For SAR images, texture, which is a representation of the spatial relationship of grey levels in an image, provides important characteristics for surface and object identification. Therefore, SAR images of urban areas have stable textural characteristics with which it is possible to detect changes in the urban environment. Texture is an important characteristic which can be used to identify various objects or regions in an image. Besides, texture can depress the effect of SAR image speckle noise. Accordingly, texture features along with spectral and morphological operators have been shown to have a positive impact on the accuracy of detection in remote sensing images (Khurana & Saxena, 2017; Wu et al., 2017; Zhuang, Deng, & Fan, 2016). Li, Huang, Wen, and Liu (2017) proposed a multi-texture change detection method by integrating macro- and micro-texture features. Sofina and Ehlers (2017) presented a semi-automated feature-based approach to the identification of building conditions especially in affected areas using geographic information systems (GIS) and remote sensing information, where texture features provide information about the area inside the buildings. However, the motioned methods work under a single or unique texture, which is possible that some available information might be lost and erroneous results derived.

In this paper, we propose a novel method to detect the damage degree of buildings in an urban setting affected by an earthquake using pre- and post-event detected SAR images. The main objective is testing the capability to determine from the change of principal components of the texture features whether a building is destroyed or is still likely to be intact. In order to give a proper answer and to avoid biasing the results according to the adopted methodology, we test a couple of different change detection (CD) techniques and many texture features, and proposed a methodological approach based on the Principal Component Analysis (PCA).

Two specific aspects of this work are deemed important to satisfy the final user needs according to our experience. The first aspect, the user needs a reliable (in statistical sense) and standardised definition of the accuracy of the delivered product (i.e. the damage map in our case). The second aspect, which is deemed important, is the comparison of classification performances against a damage classification based on the building classification in the Chinese Seismic Intensity Scale GB/T17742-2008(China Earthquake Administration (CEA), 2008), thus providing a well-known and reliable reference, as well as a common definition of the classification taxonomy. Buildings are classified into five classes in China which include slight damage, moderate damage, substantial to heavy damage, very heavy damage and destruction in the ground investigation. Remote sensing images can only obtain the surface information of buildings in virtue of the restriction of imaging modes. Accordingly, remotely sensed earthquake-related damage is divided into three categories: intact building, moderately damaged building (containing moderate damage and substantial to heavy damage), and destroyed building (containing very heavy damage and destruction). The analysis of this paper is based on this classification.

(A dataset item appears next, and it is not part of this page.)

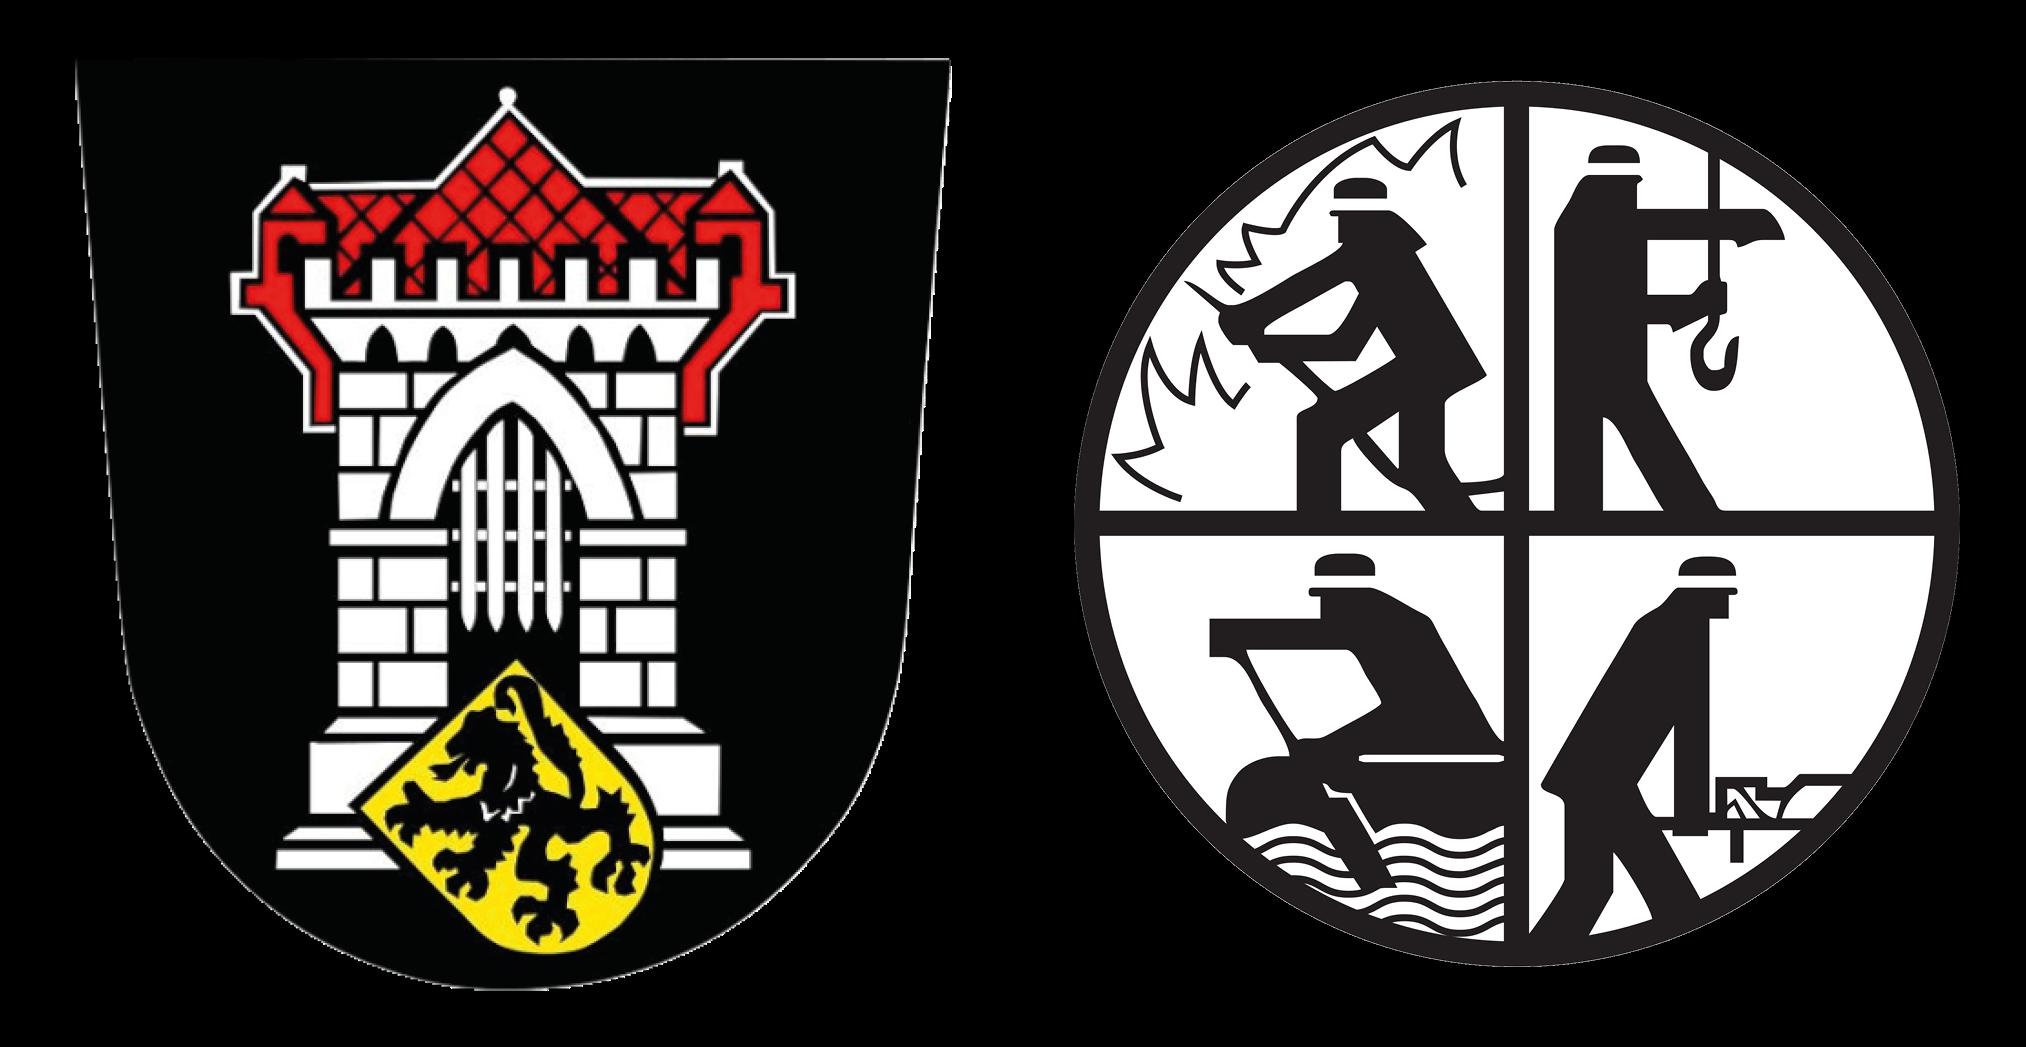 Freiwillige Feuerwehr der Stadt Heimbach

Specifically, the experiment was carried out considering the earthquake that hit the city of L’Aquila, Italy, in 2009. The image classification results were compared to the ground surveys carried out by the Dell’Acqua et al. (2011). The work provides several hints into the problem, on the way to evaluate the classification performances and understand the advantages of PCA and texture features.

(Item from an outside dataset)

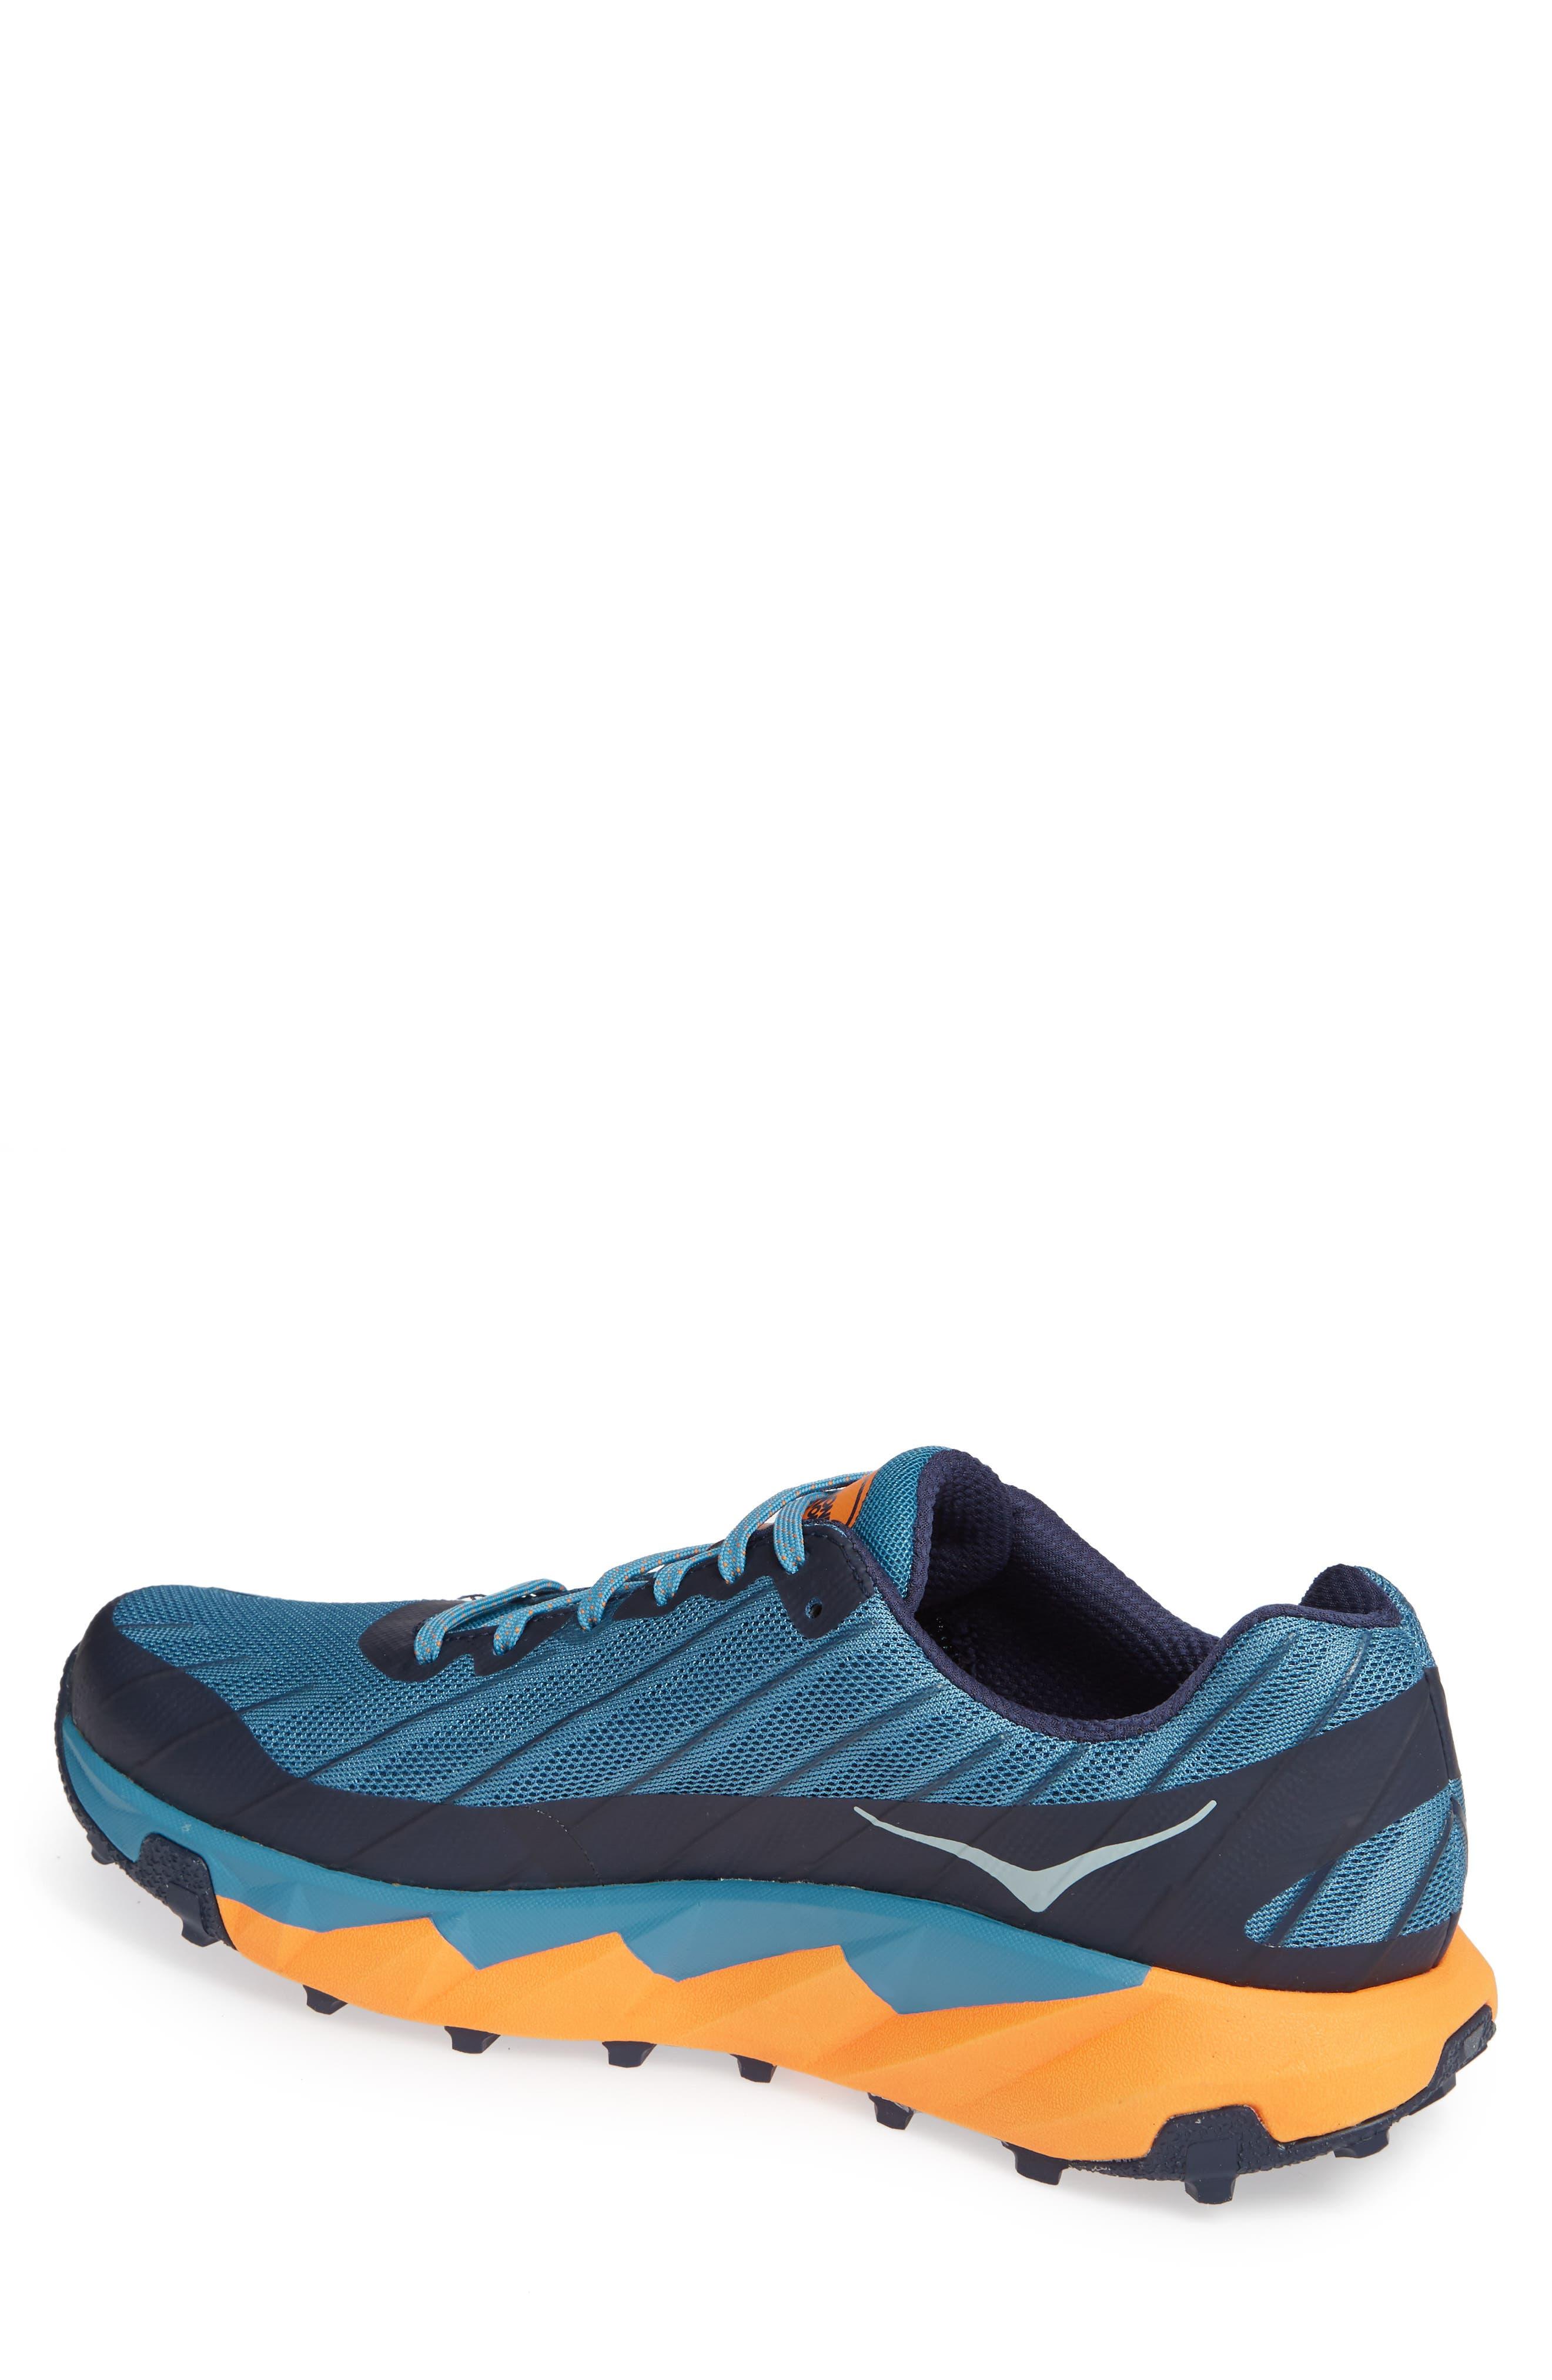 Torrent Running Shoe,                             Alternate thumbnail 2, color,                             462

This paper presents the work we performed using the CD of remote sensing imagery and the remainder of this paper is organised as follows. Section 2 provides the test case and the datasets used for the study. Section 3 describes the detail of the method proposed for change detection based on the dimensionality reduction of the texture features. Section 4 presents the experimental results and the effectiveness of the method and, finally, the conclusions are presented in Section 5.

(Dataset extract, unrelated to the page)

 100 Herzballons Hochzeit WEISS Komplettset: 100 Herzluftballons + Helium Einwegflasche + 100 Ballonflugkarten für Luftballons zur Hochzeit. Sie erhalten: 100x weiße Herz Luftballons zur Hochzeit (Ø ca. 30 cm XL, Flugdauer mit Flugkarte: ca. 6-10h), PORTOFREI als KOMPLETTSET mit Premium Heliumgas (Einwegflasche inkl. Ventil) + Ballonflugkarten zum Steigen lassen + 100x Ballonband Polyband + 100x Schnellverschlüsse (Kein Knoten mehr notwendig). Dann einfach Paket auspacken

The test case and datasets

L’aquila earthquake

On 6 April 2009 at 1:32 GMT, an earthquake hit L’Aquila city, in Central Italy. The mainshock was rated 6.3 on the moment magnitude (Mw) scale; the epicentre was located near L’Aquila, at a depth of about 9 km. Several major aftershocks (Mw>5) and thousands of smaller events occurred in the next few months in an area extended NW-SE for about 35k m. This earthquake took more than 300 lives, caused more than 1,500 people injured and made about 65,000 people homeless. It was the deadliest earthquake in Italy after the Irpinia earthquake in 1980. The earthquake caused damage to thousands of buildings in the medieval city centre of L’Aquila. Some buildings fully collapsed, thus leading to a sparse damage distribution within a high-density urban area. The epicentre topography and historical earthquake map of the L’Aquila earthquake is shown in Figure 1.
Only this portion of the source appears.